Scenario 2: Intermittent Timeouts

# Step 1: Check conntrack table saturation
sudo sysctl net.netfilter.nf_conntrack_count
sudo sysctl net.netfilter.nf_conntrack_max

# Step 2: Look for packet drops
kubectl debug node/<node-name> -it --image=nicolaka/netshoot -- \
  netstat -s | grep -i drop

# Step 3: Check network interface errors
kubectl debug node/<node-name> -it --image=nicolaka/netshoot -- \
  ip -s link show

# Step 4: Monitor TCP retransmissions
kubectl debug node/<node-name> -it --image=nicolaka/netshoot -- \
  netstat -s | grep -i retrans

Scenario 3: Slow DNS Resolution

# Step 1: Measure DNS response times
kubectl exec -it <pod> -- dig <service-name>.default.svc.cluster.local +stats | grep "Query time"
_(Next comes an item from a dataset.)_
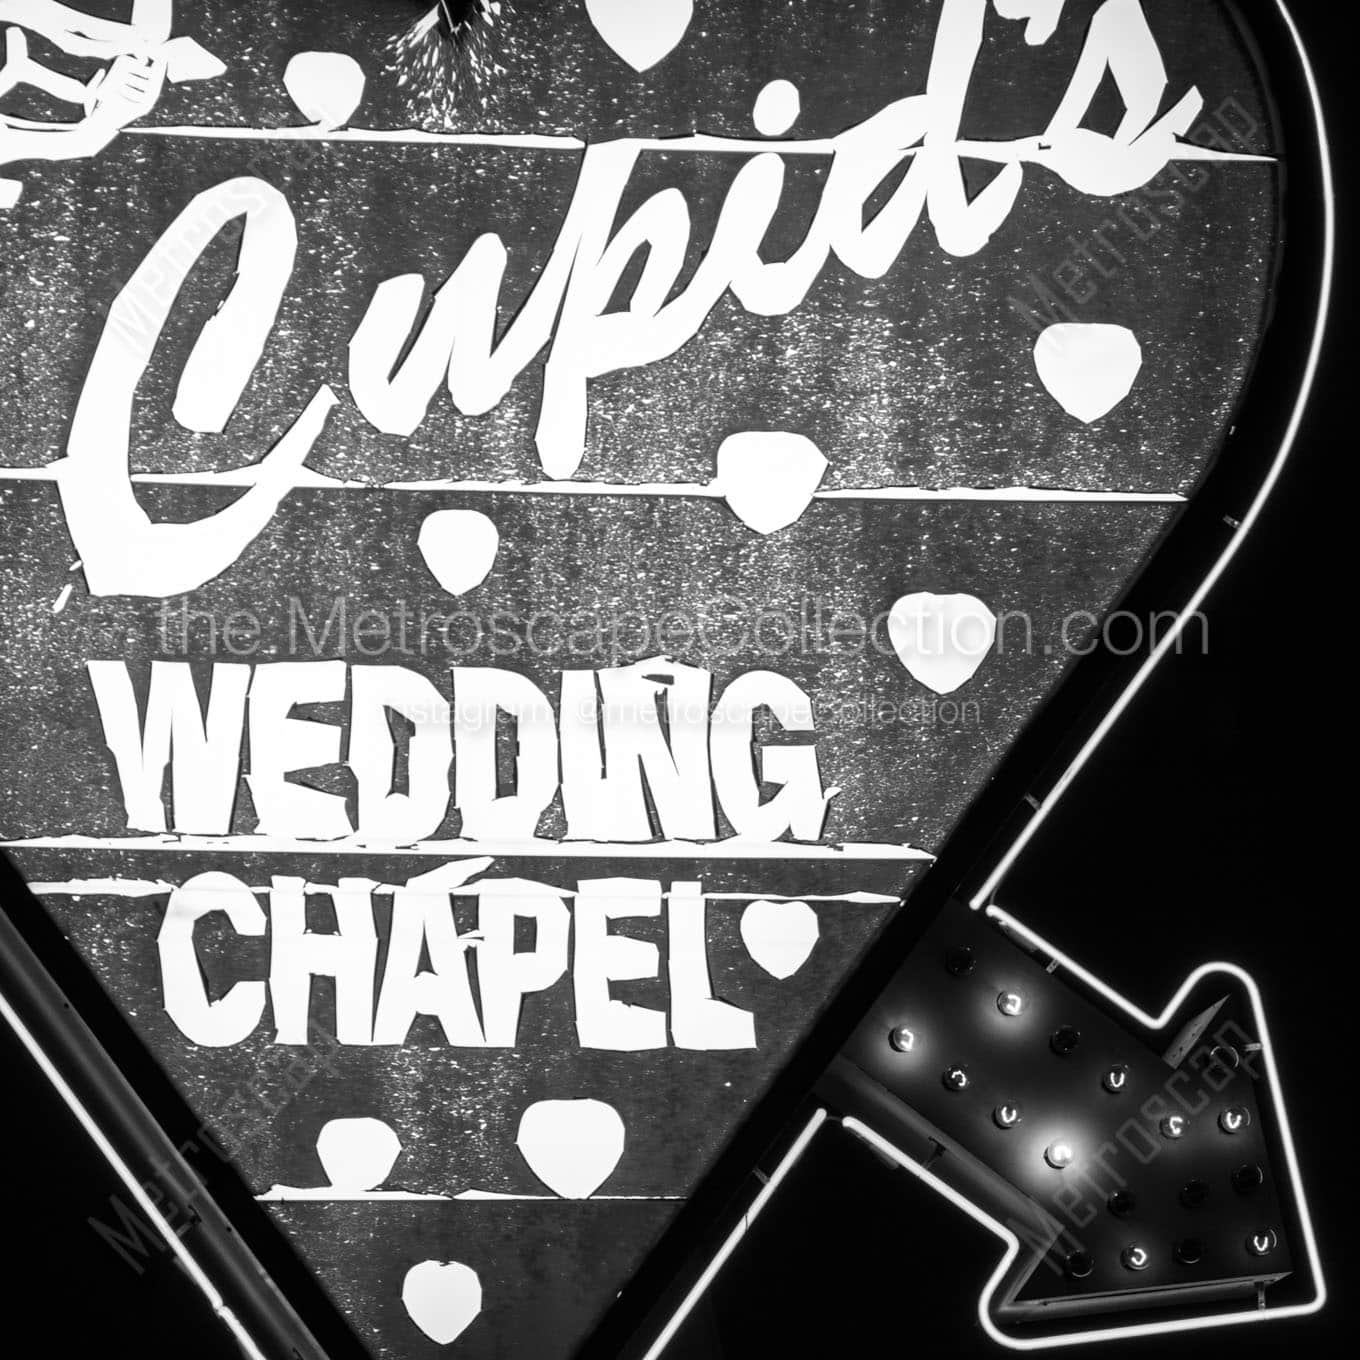 cupids wedding chapel Black & White Office Art
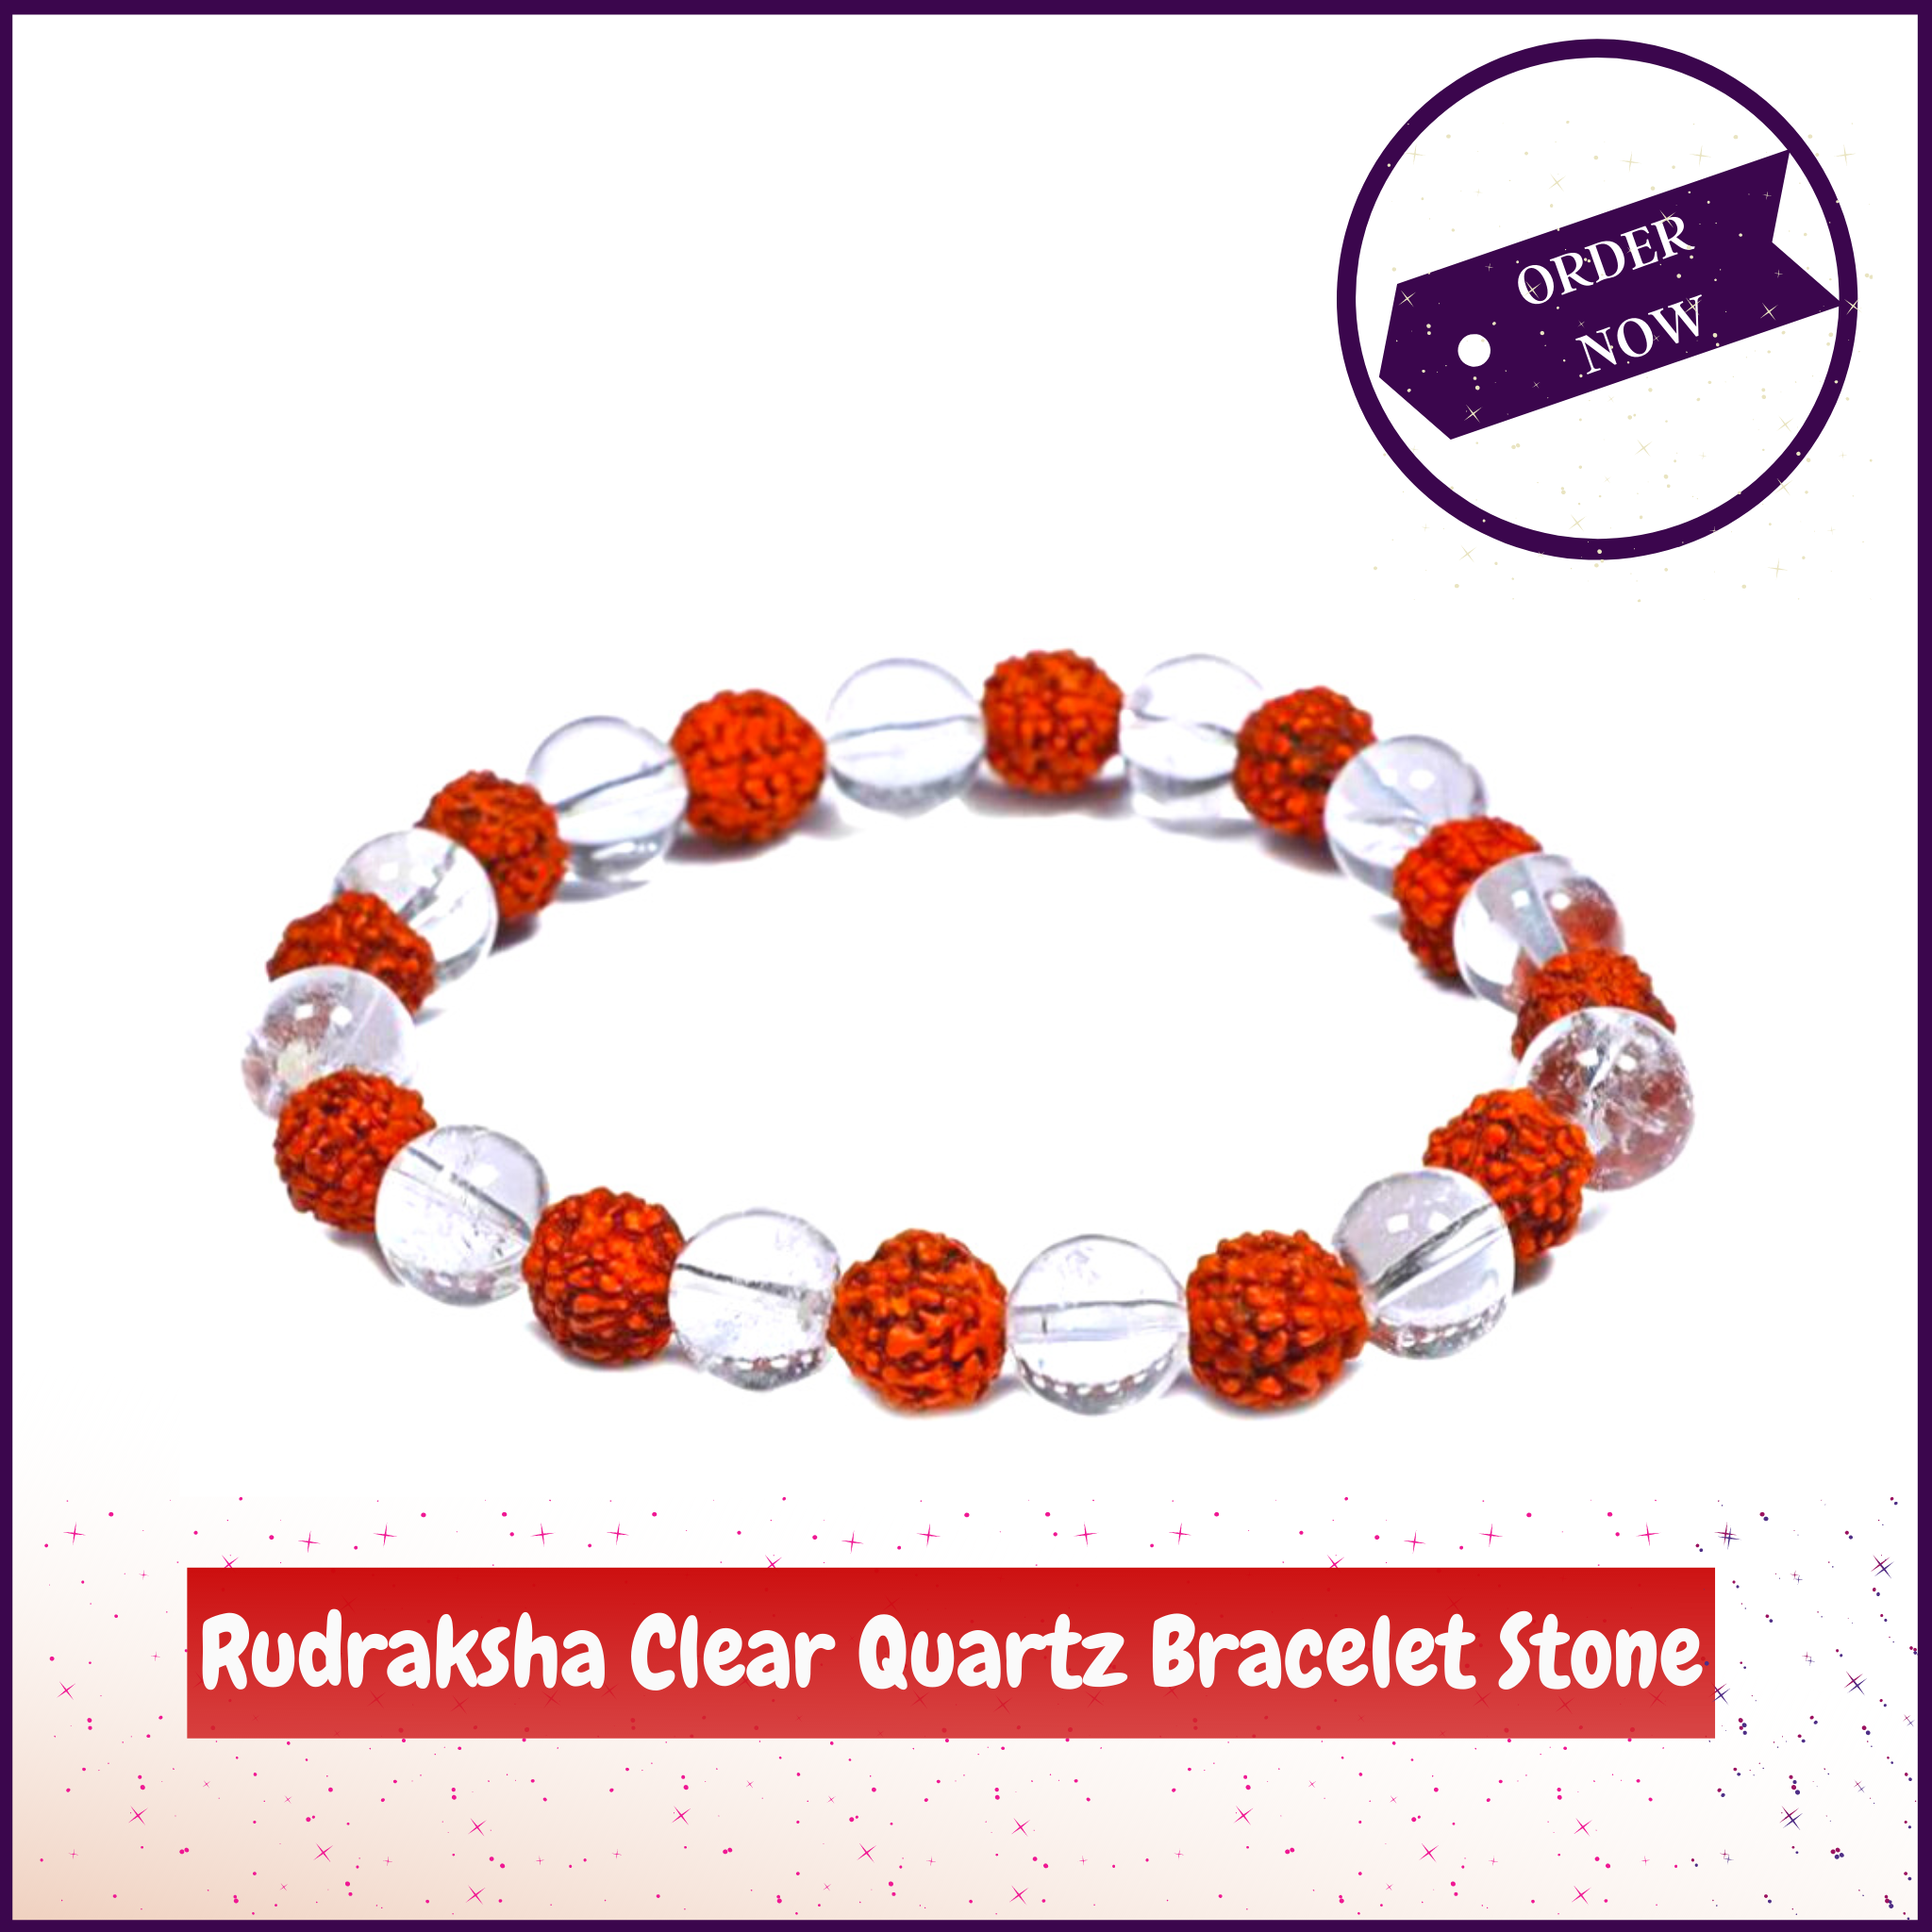 Rudraksha Clear Quartz Crystal Stone Bracelet For Purification of Body-Mind-Soul - 51pyramids

# Step 2: Check CoreDNS resource usage
kubectl top pods -n kube-system -l k8s-app=kube-dns

# Step 3: Apply ndots optimization
# Add to Pod spec:
# dnsConfig:
#   options:
#   - name: ndots
#     value: "2"

# Step 4: Check CoreDNS cache hit rates
kubectl exec -n kube-system <coredns-pod> -- \
  wget -qO- http://localhost:9153/metrics | grep coredns_cache

12. Debugging Checklist

A systematic checklist for approaching network issues:

[ ] Pod status verification (Running, Ready)
[ ] Service Endpoints verification (not empty)
[ ] DNS resolution test (nslookup/dig)
[ ] Direct Pod IP connectivity test
[ ] kube-proxy rules inspection (iptables/IPVS)
[ ] Network Policy review (Ingress/Egress rules)
[ ] CNI plugin health check
[ ] Cross-node network connectivity
[ ] MTU configuration verification
[ ] Firewall / security group rules
[ ] conntrack table status
[ ] CoreDNS health and logs

Network debugging is most effective when approached layer by layer: L2 (Ethernet) -> L3 (IP/Routing) -> L4 (TCP/UDP) -> L7 (HTTP/DNS). By systematically verifying each layer, even the most complex networking issues can be methodically diagnosed and resolved.